🤖 AI Summary
Text-guided image editing suffers from inaccurate semantic localization and low editing fidelity. To address these challenges, we propose a novel paradigm featuring precise semantic localization and dual-level conditional control. First, we design a vision-text self-attention-enhanced cross-attention map localization method to achieve fine-grained regional semantic alignment. Second, we introduce a synergistic dual-level conditioning mechanism—operating jointly at the feature and latent levels—to inject region-specific prompts consistently. Third, we construct RW-800, the first high-resolution benchmark tailored for real-world scenarios, comprising 800 high-quality images. Implemented on the DiT architecture, our method achieves significant improvements on PIE-Bench and RW-800: +12.6% in local editing accuracy and +9.3% in background structural preservation, demonstrating superior fine-grained controllability and high-fidelity reconstruction capability.
📝 Abstract
This paper presents a novel approach to improving text-guided image editing using diffusion-based models.

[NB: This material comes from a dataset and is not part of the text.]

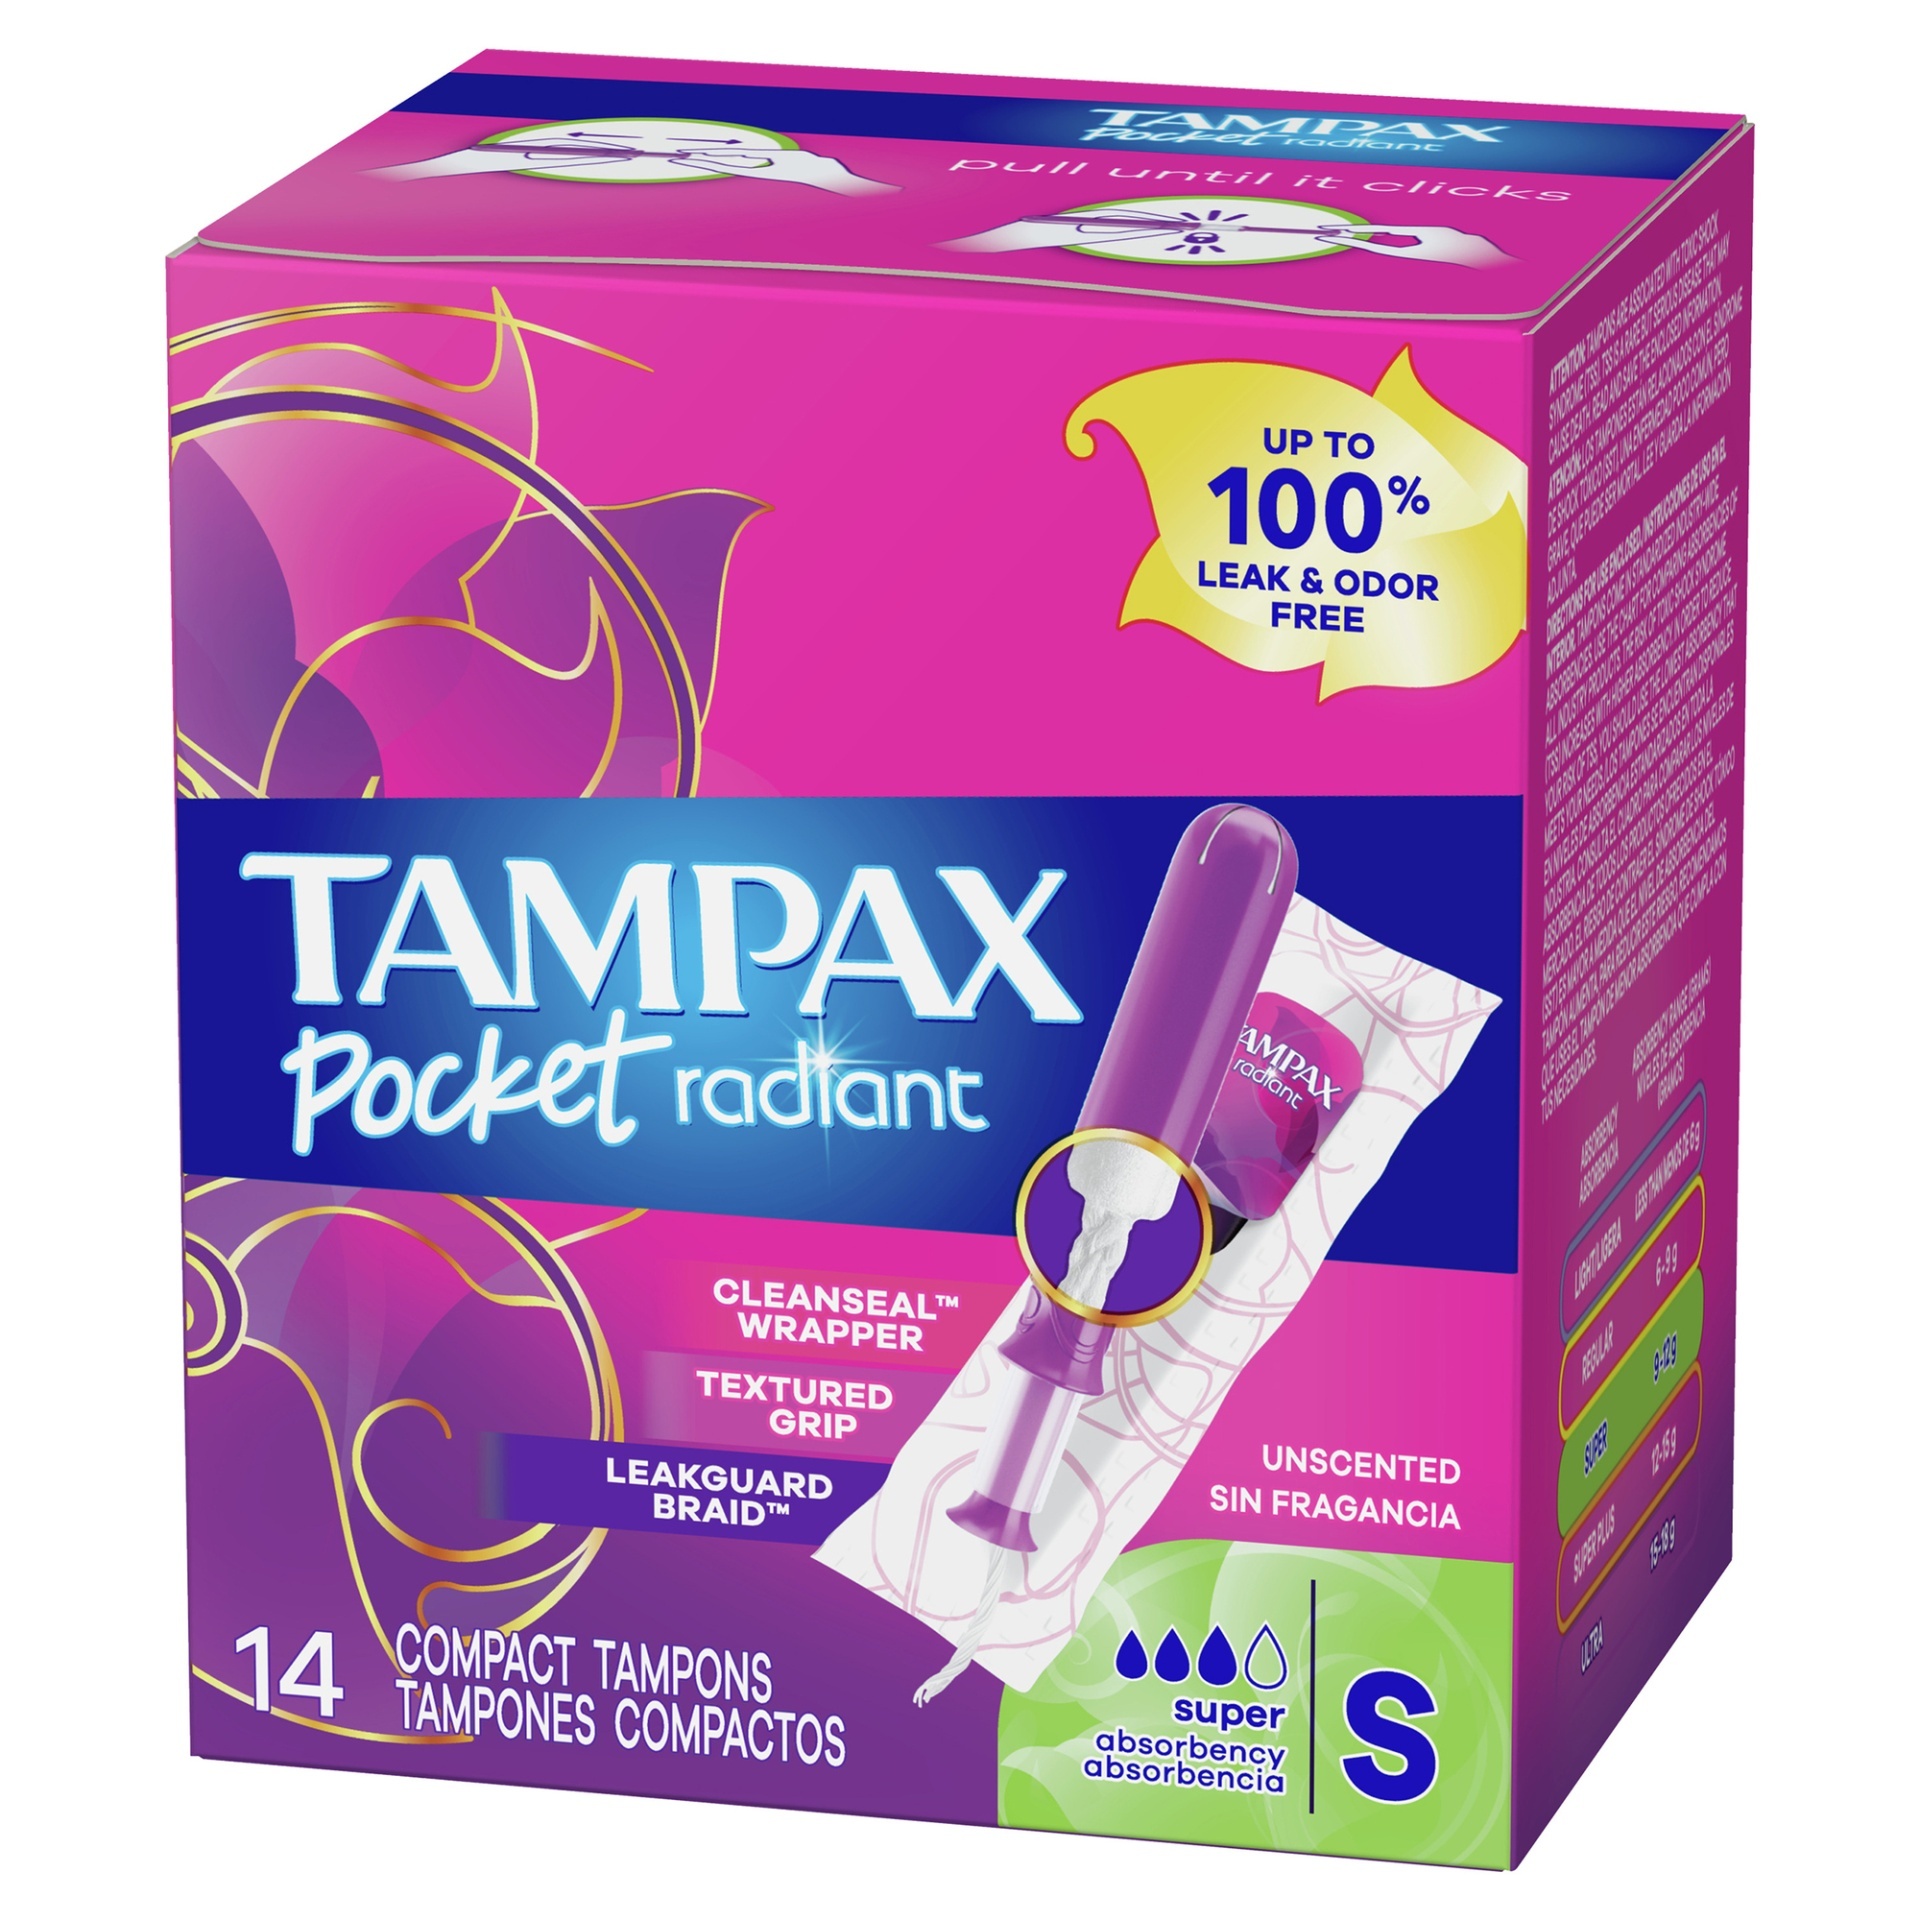 slide 1 of 1, Tampax Pocket Radiant Compact Plastic Tampons, With LeakGuard Braid, Super Absorbency, Unscented, 14 Count, 14 ct

Text-guided image editing task poses key challenge of precisly locate and edit the target semantic, and previous methods fall shorts in this aspect. Our method introduces a Precise Semantic Localization strategy that leverages visual and textual self-attention to enhance the cross-attention map, which can serve as a regional cues to improve editing performance. Then we propose a Dual-Level Control mechanism for incorporating regional cues at both feature and latent levels, offering fine-grained control for more precise edits. To fully compare our methods with other DiT-based approaches, we construct the RW-800 benchmark, featuring high resolution images, long descriptive texts, real-world images, and a new text editing task. Experimental results on the popular PIE-Bench and RW-800 benchmarks demonstrate the superior performance of our approach in preserving background and providing accurate edits.